- Work to complete: Pictures in the records below must be left out. Return exactly the lines from the line with "couples33.jpg" to the line with "Buy Homeopathy Medicines Online", both included.

- Available data:
>>

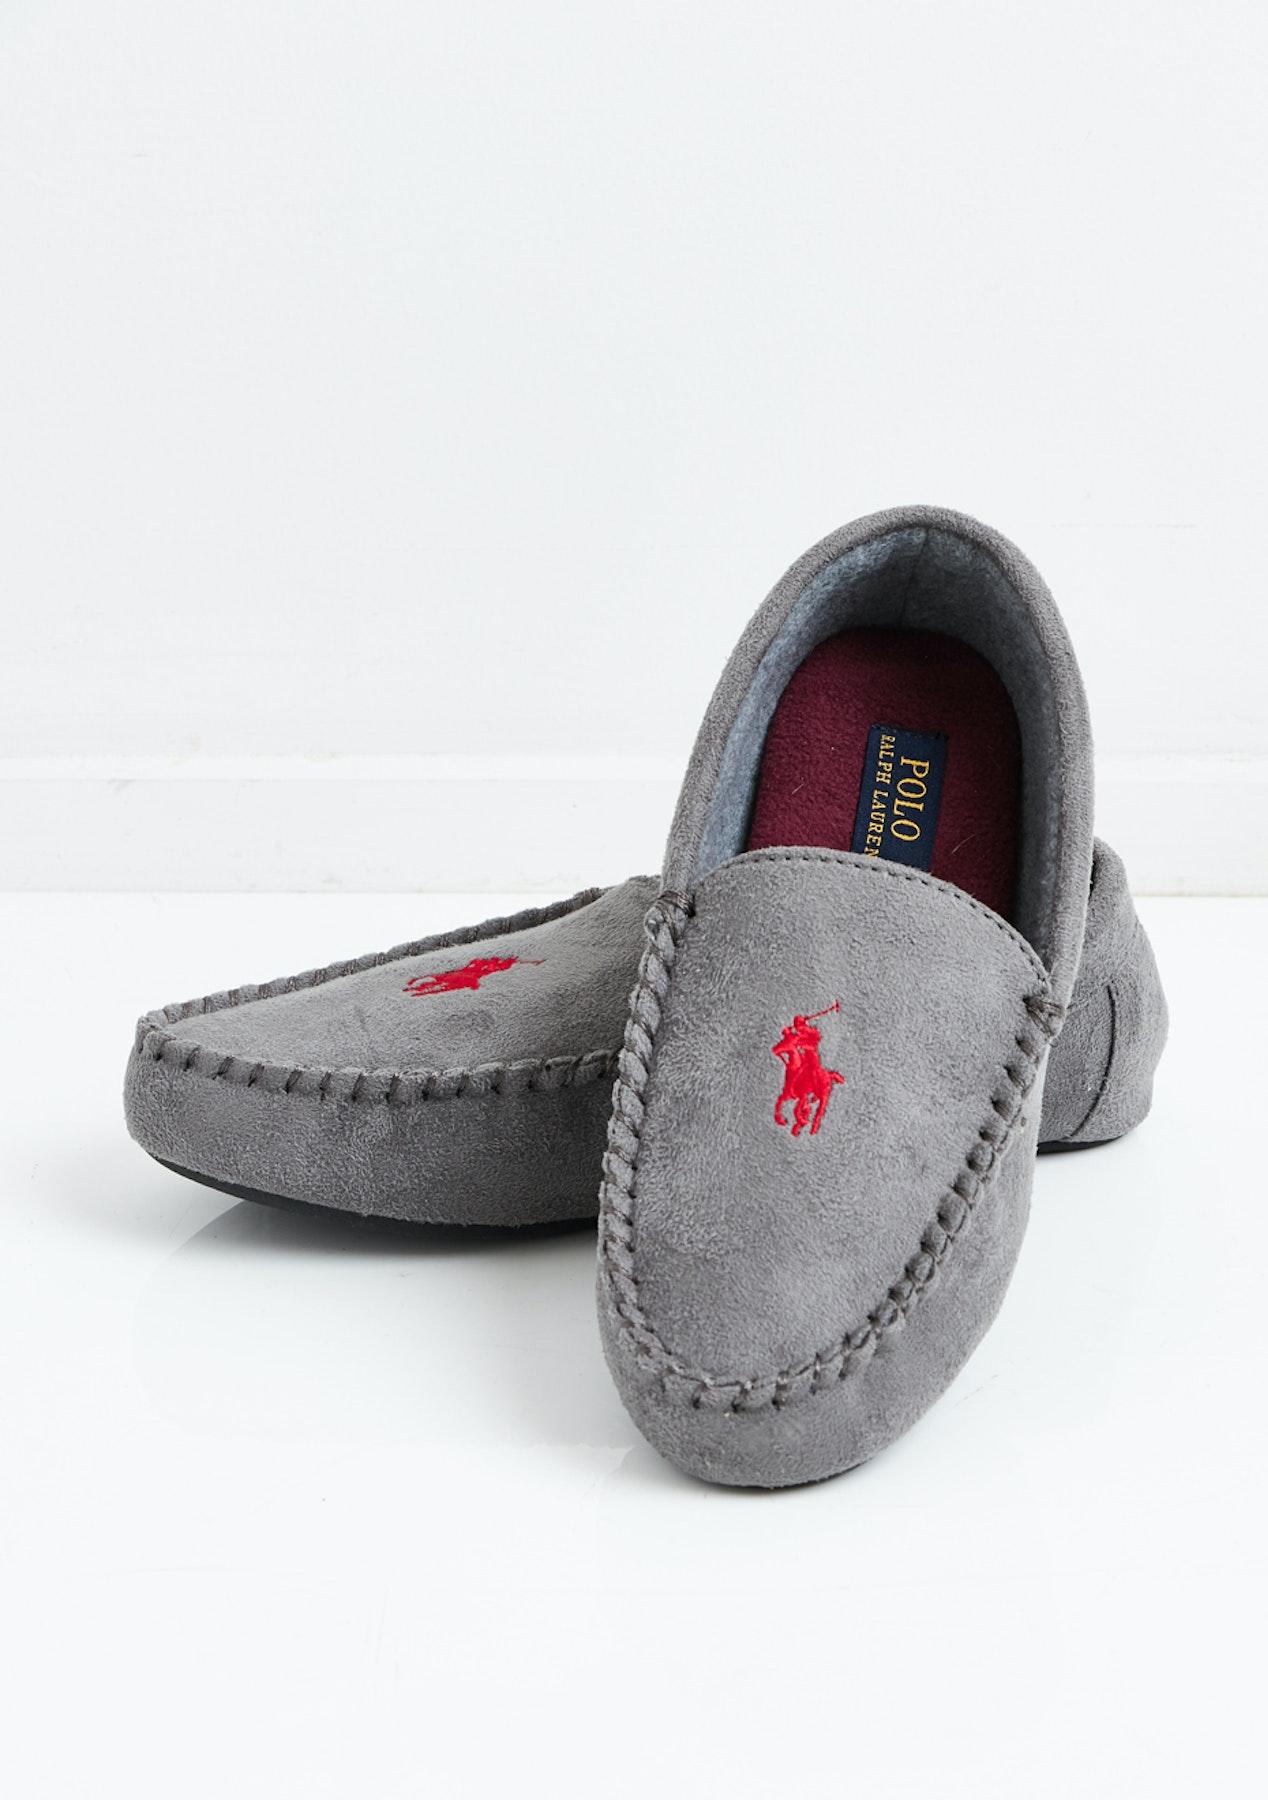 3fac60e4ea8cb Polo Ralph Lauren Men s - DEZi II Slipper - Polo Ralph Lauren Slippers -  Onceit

<<
>>

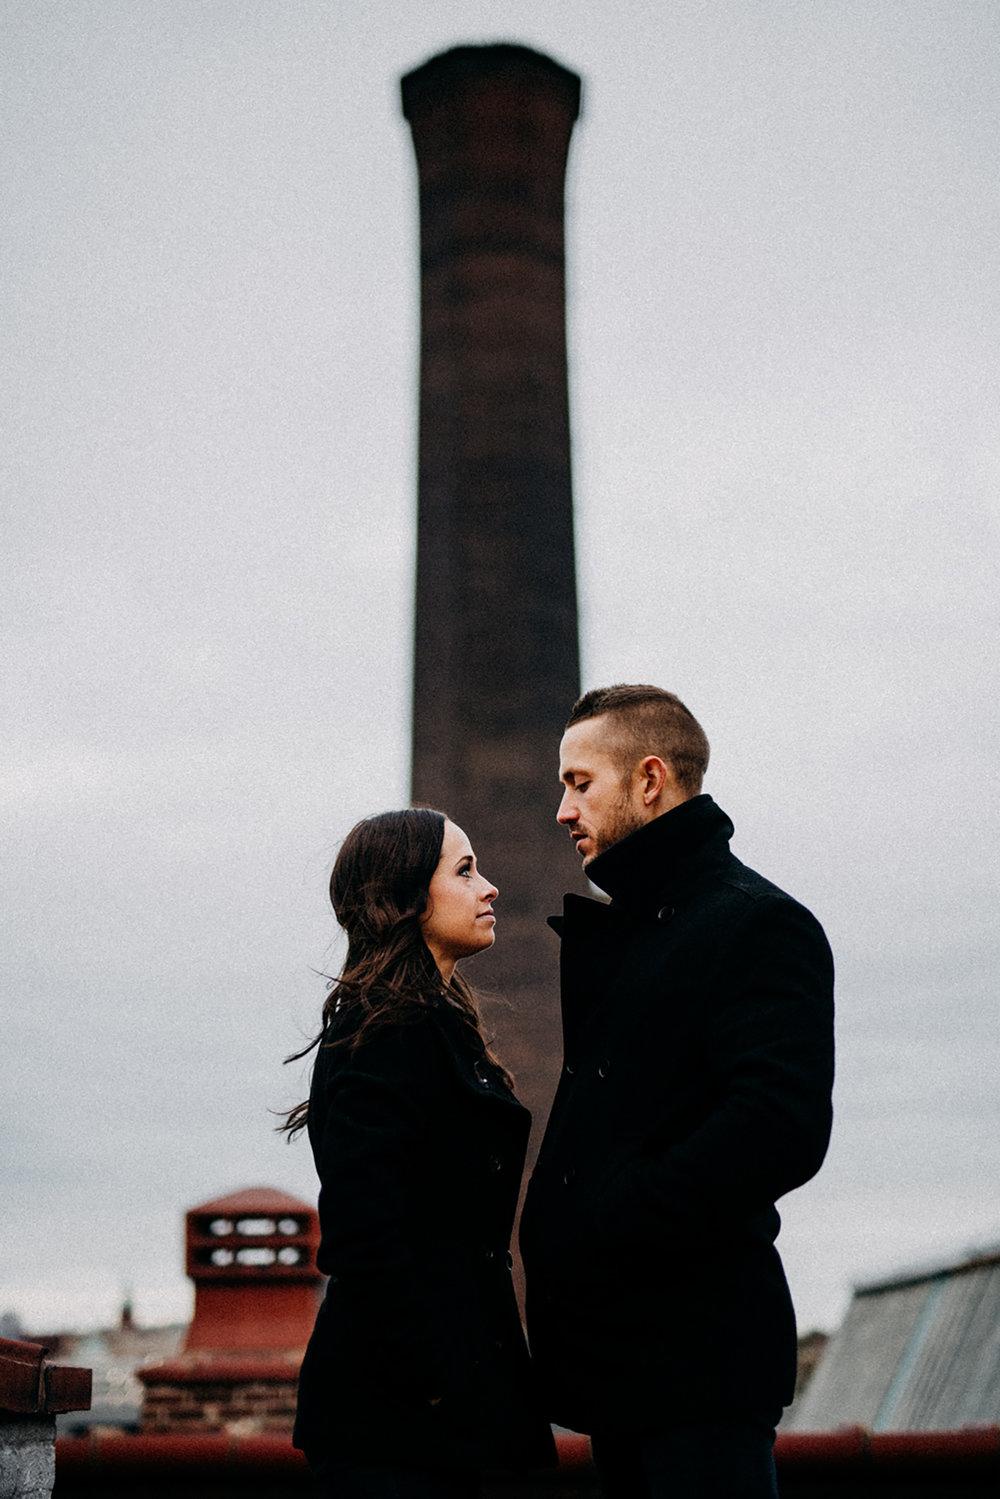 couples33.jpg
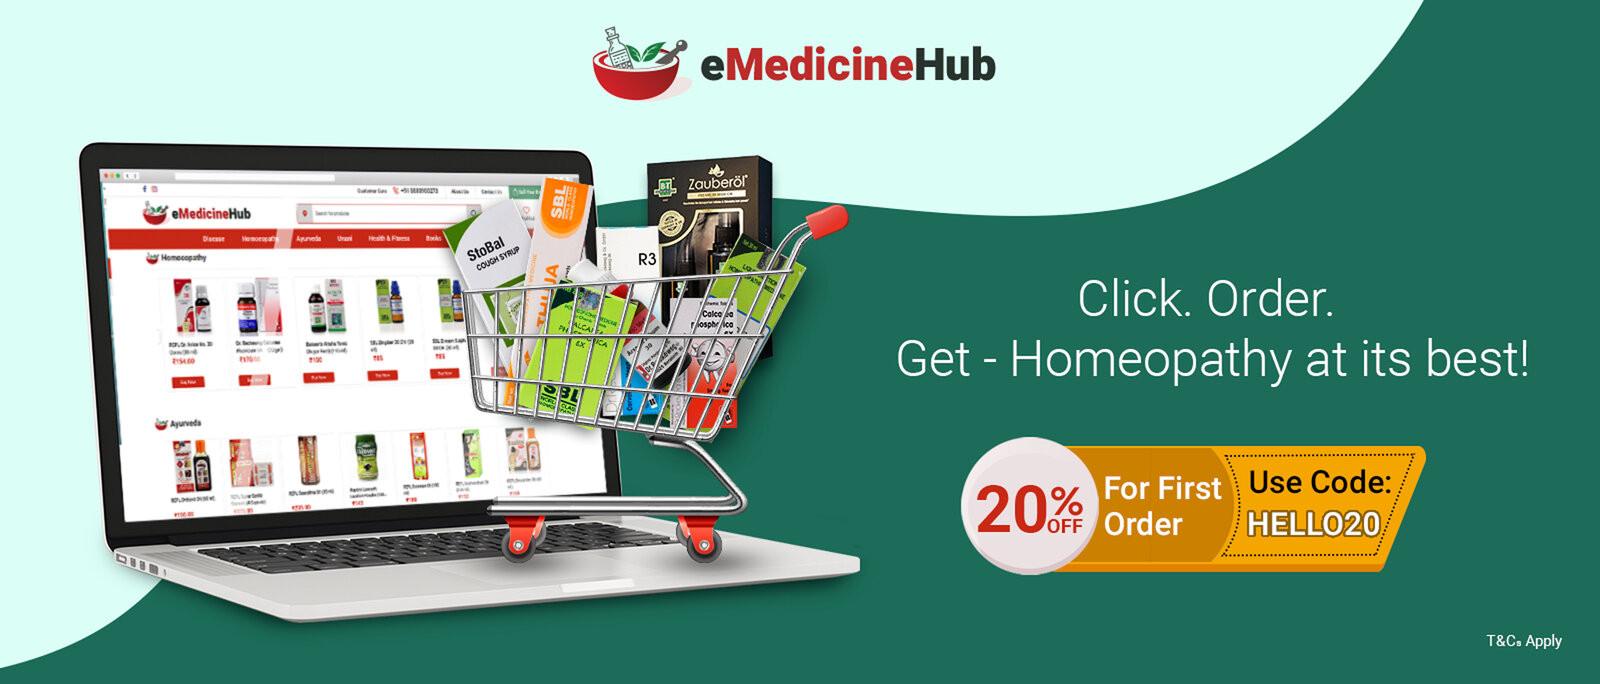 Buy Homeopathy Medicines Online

<<
>>

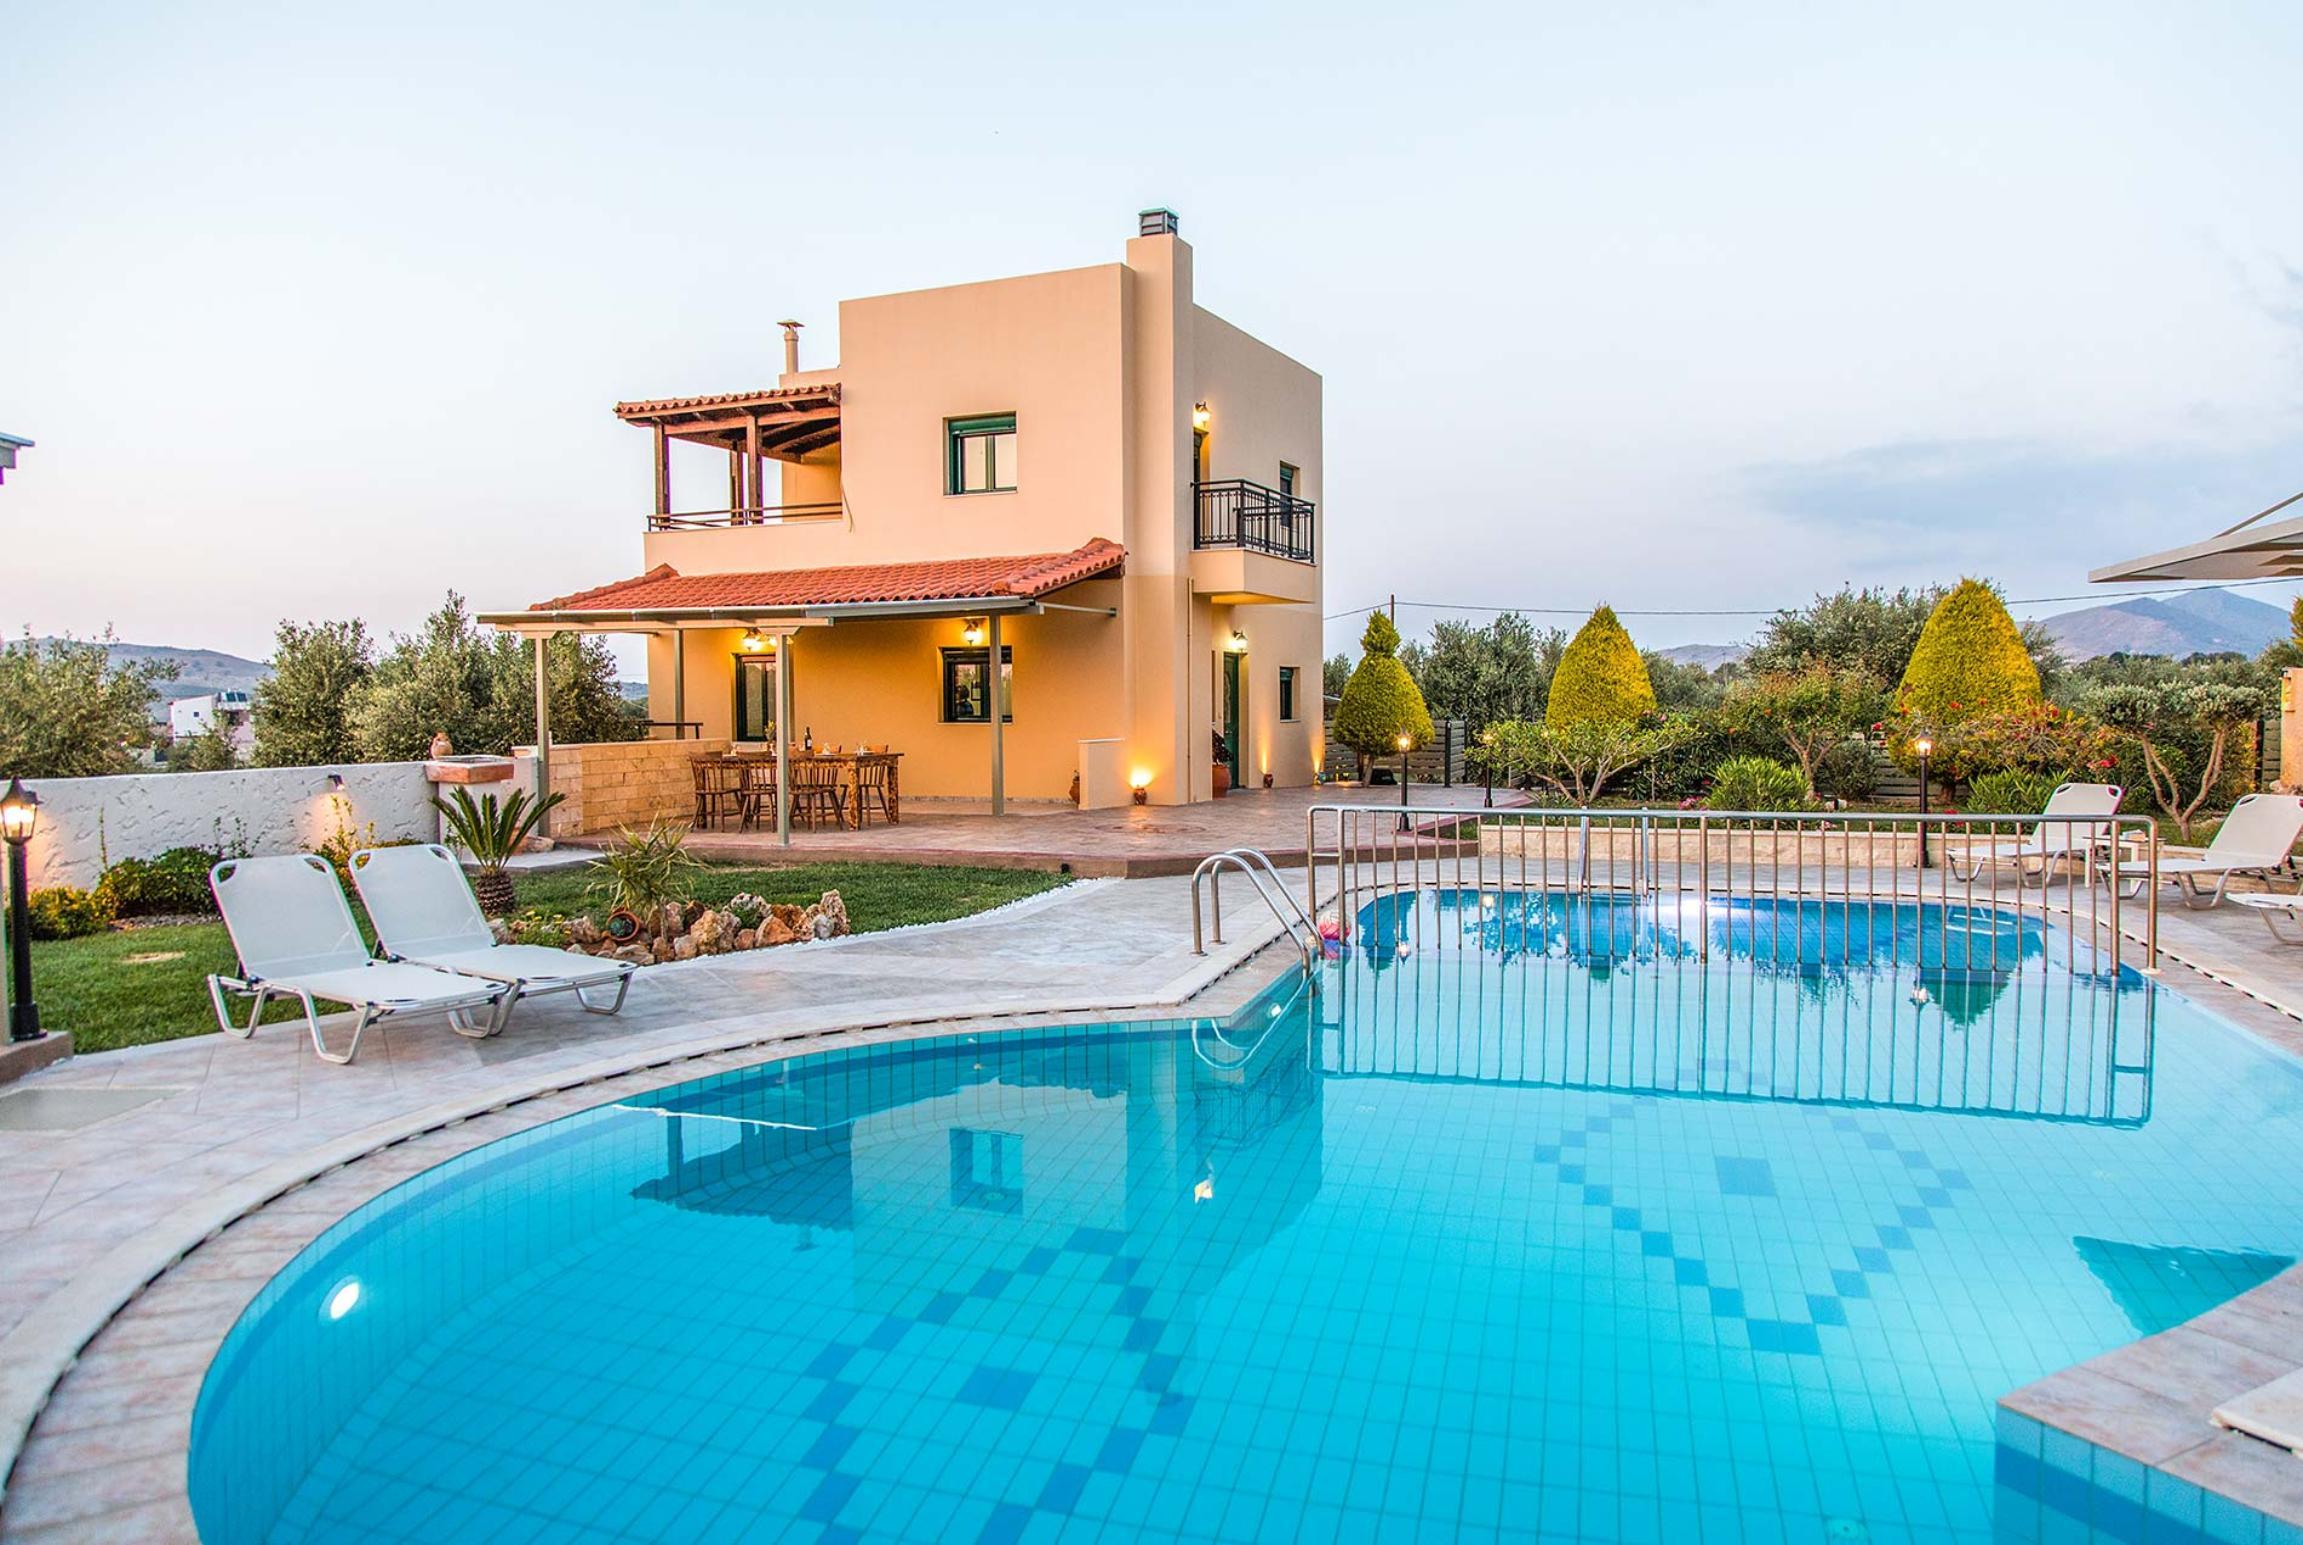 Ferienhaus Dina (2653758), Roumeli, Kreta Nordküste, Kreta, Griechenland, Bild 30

<<

- Task output:
 couples33.jpg
 Buy Homeopathy Medicines Online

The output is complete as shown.